Hearing requires proper function of the auditory hair cell, which is critically dependent upon its actin-based cytoskeletal structure. Eleven point mutations in gamma (γ) nonmuscle actin have been identified as causing progressive autosomal dominant nonsyndromic hearing loss (DFNA20/26); however, exactly why these mutations lead to deafness is unclear. Organization, stability, and repair of the hair cell cytoskeleton are highly regulated by actin binding proteins (ABPs), and two of the mutations, K118M and K118N, are located near an area of the actin monomer believed to be important in actin-ABP interactions. A third mutation, D51N, is located in a region of the actin monomer believed to be important for polymerization dynamics and stability in filamentous actin.
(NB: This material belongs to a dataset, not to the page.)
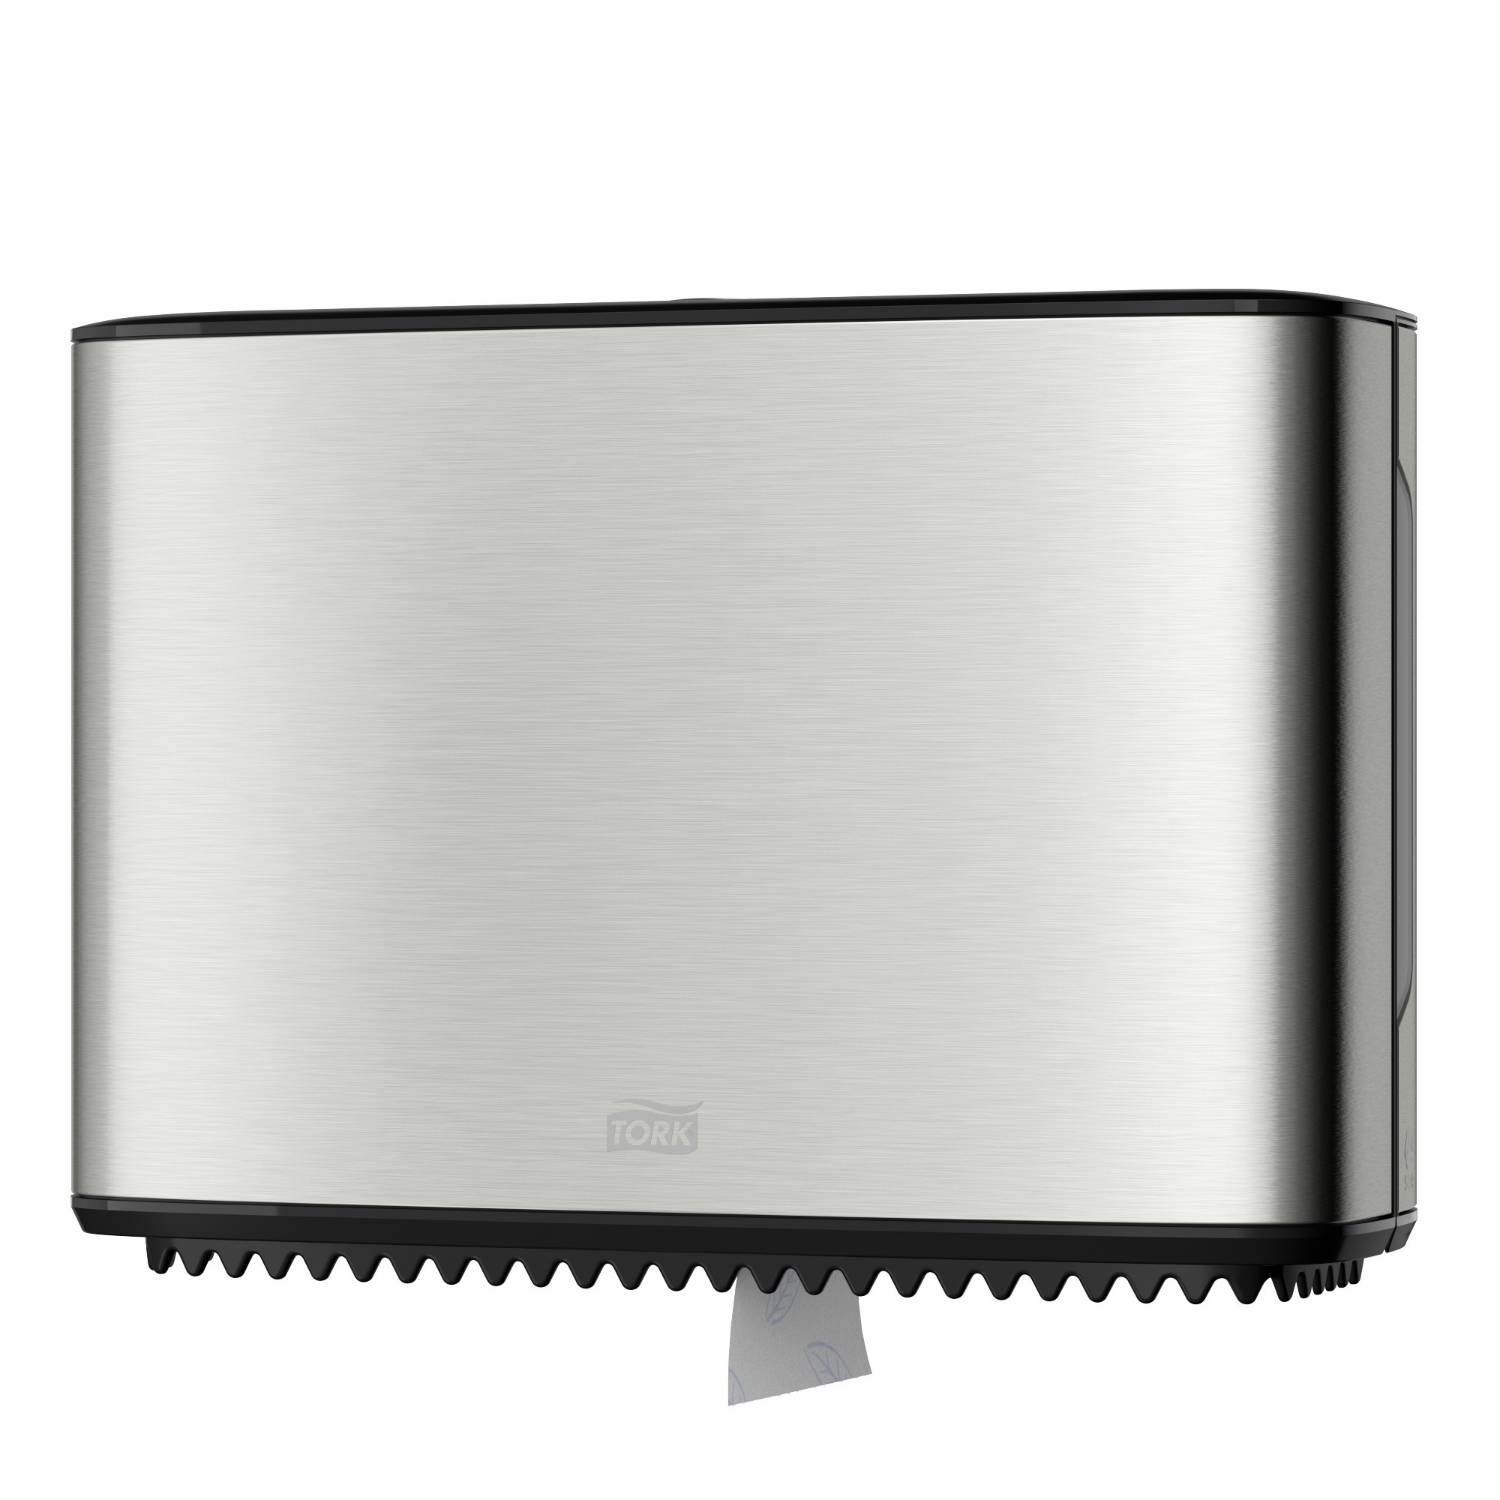 Tork Mini Jumbo Toilet Roll Dispenser in Image Design -Stainless Steel

I therefore hypothesized that the K118M/N mutations cause hearing loss due to impaired regulation of the actin cytoskeleton within the hair cell, whereas the D51N mutation likely interferes with polymerization dynamics and actin filament stability or flexibility.
The goal of my thesis was to investigate the effects of these three mutations, K118M, K118N, and D51N, on actin dynamics and regulation. I show in Chapter 2 that the K118M/N mutations differentially affect regulation of actin by the Arp2/3 complex, but also, surprisingly, that the K118N mutation accelerates polymerization dynamics. Chapter 3 details a continued investigation of the K118M/N mutations to ascertain their effects on actin structure and dynamics, particularly with regard to how they may affect polymerization. Chapter 4 provides both an in vivo and in vitro characterization of the D51N mutation, which revealed that not only does the mutation significantly accelerate actin polymerization, it also causes significant effects on yeast mitochondrial morphology and cytoskeletal regulation.
The work detailed within this thesis provides new insight into how the K118M/N and D51N mutations affect actin structure and dynamics and how these effects could lead to deafness. More importantly, this work provides a strong foundation for many future studies, ranging from structural investigation of the K118N and D51N actins as F-actin mimics, to the potential role of mitochondria in actin-based disease.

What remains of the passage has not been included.